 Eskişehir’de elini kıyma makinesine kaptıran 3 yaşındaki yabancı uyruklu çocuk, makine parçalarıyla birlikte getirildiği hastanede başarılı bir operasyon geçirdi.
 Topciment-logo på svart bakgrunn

......

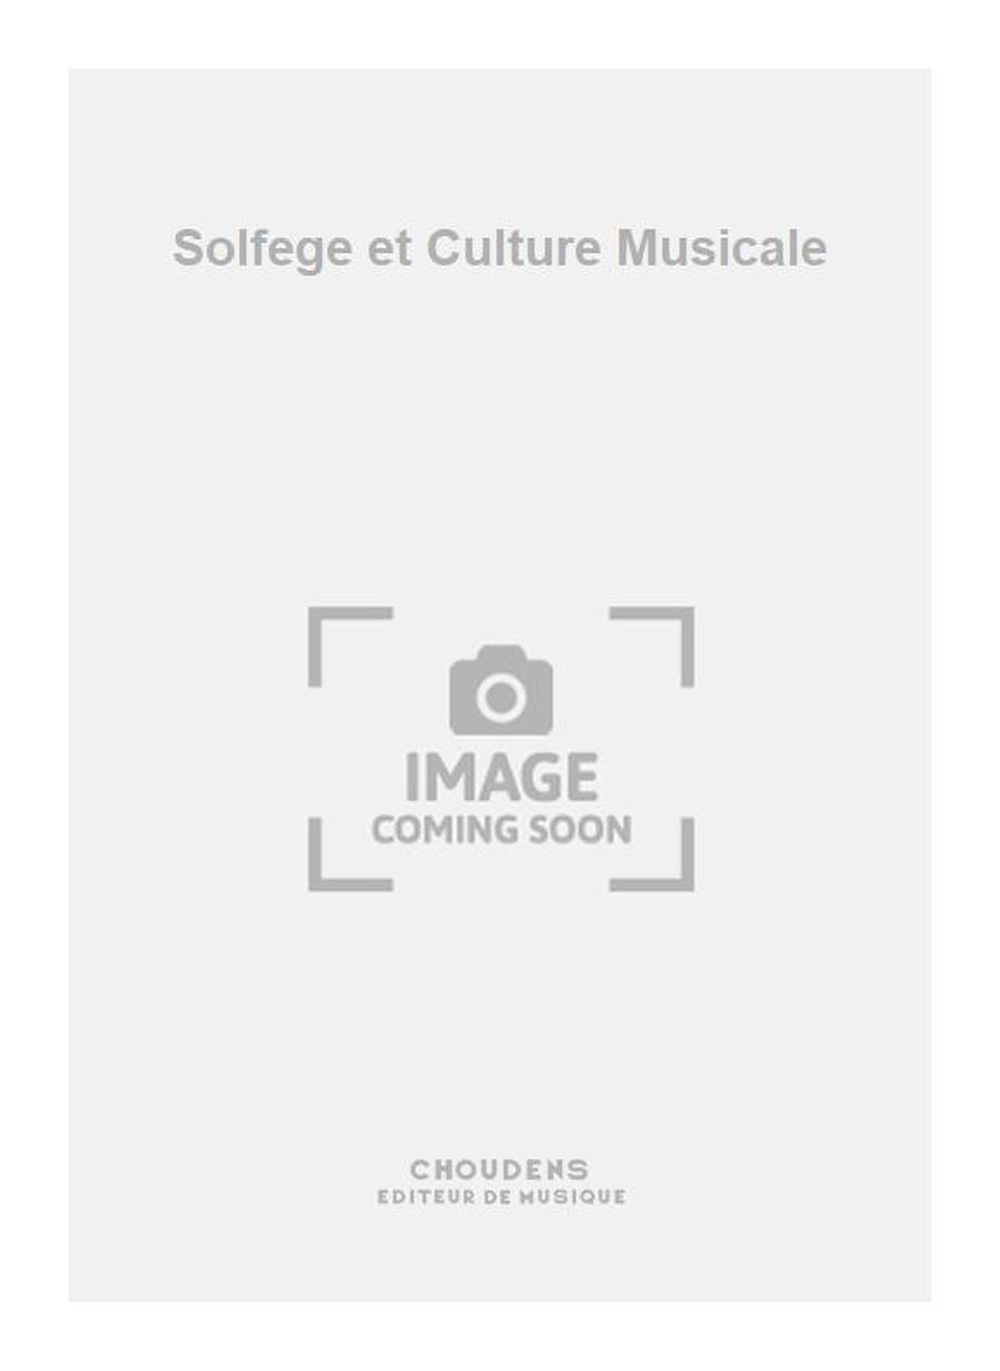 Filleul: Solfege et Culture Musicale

......

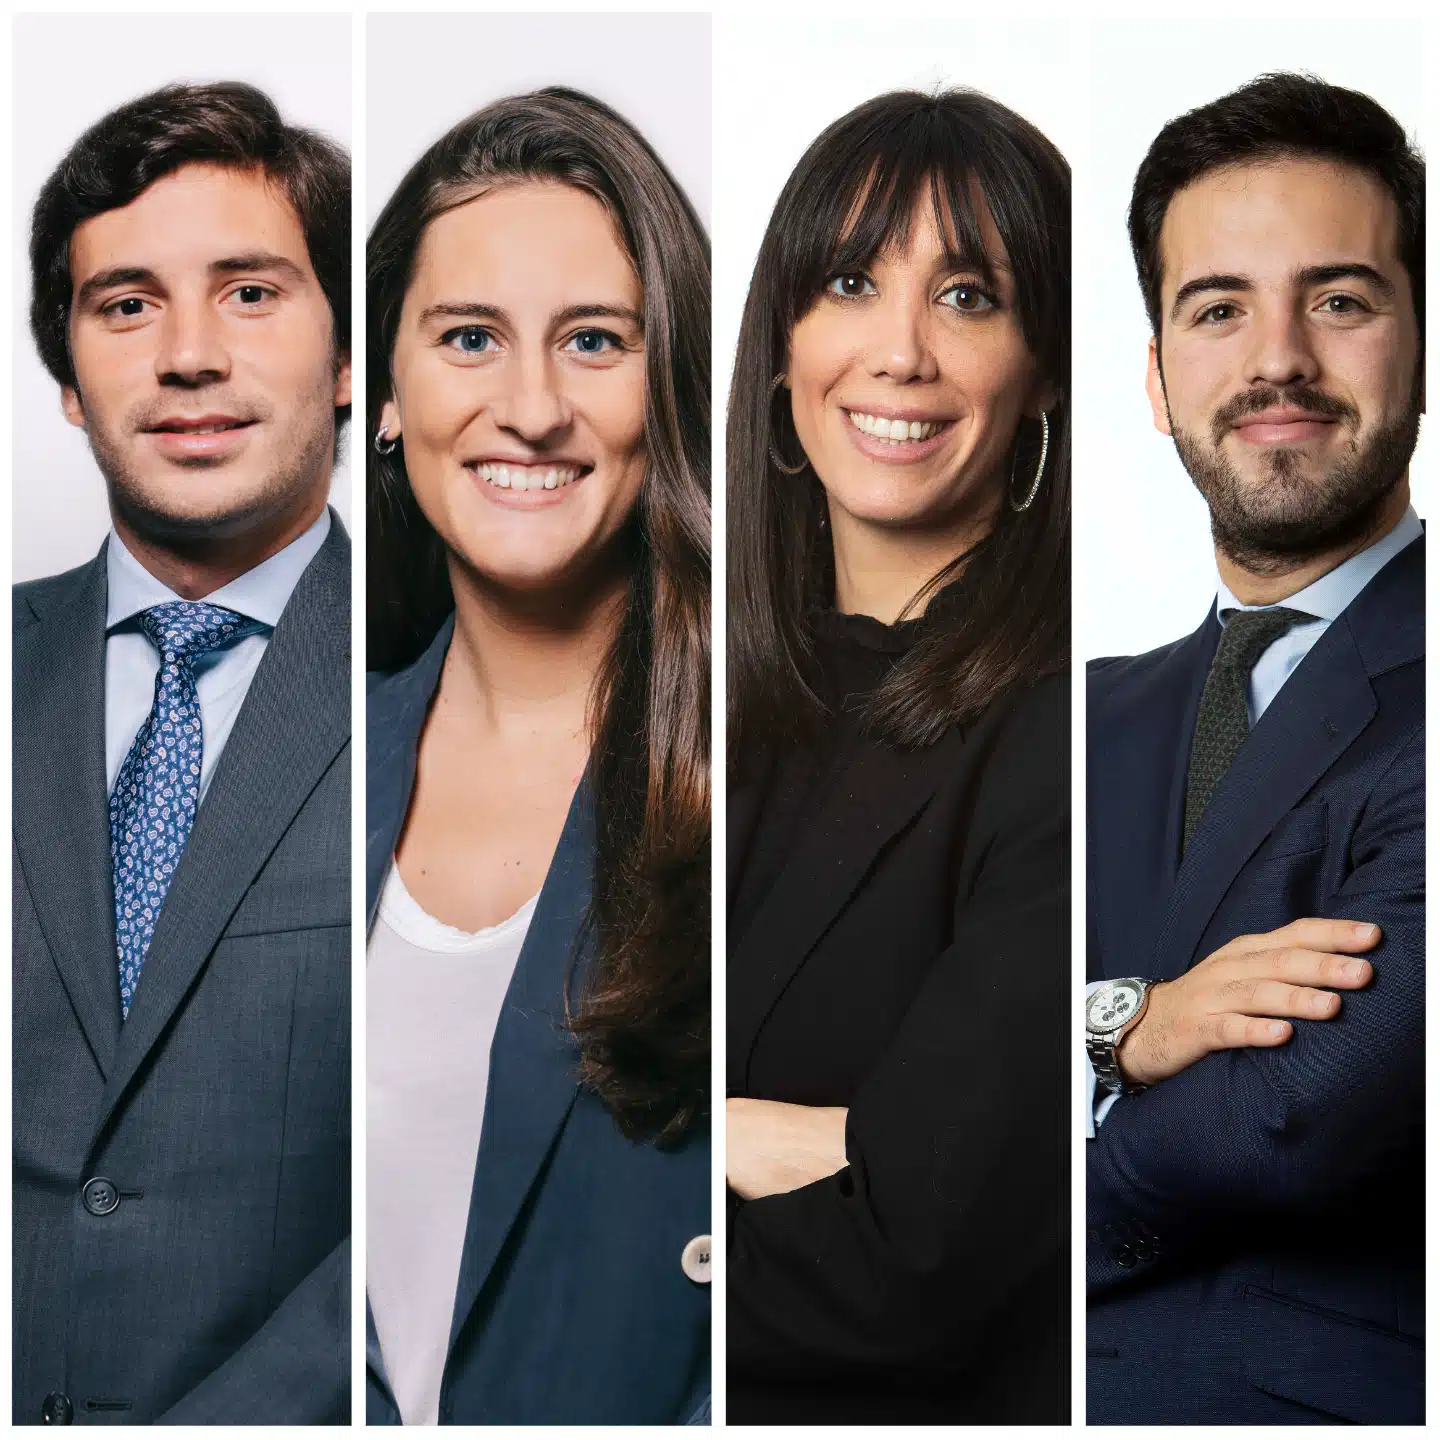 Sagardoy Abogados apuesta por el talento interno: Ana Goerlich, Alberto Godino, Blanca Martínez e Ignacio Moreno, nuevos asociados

......

## THE TASK:
From the records above, transcribe exactly the run of lines that opens with the line holding "Eskişehir’de elini kıyma" and closes with the line holding "Topciment-logo på svart bakgrunn", both included.

## RESULT OF THIS EXERCISE:
 Eskişehir’de elini kıyma makinesine kaptıran 3 yaşındaki yabancı uyruklu çocuk, makine parçalarıyla birlikte getirildiği hastanede başarılı bir operasyon geçirdi.
 Topciment-logo på svart bakgrunn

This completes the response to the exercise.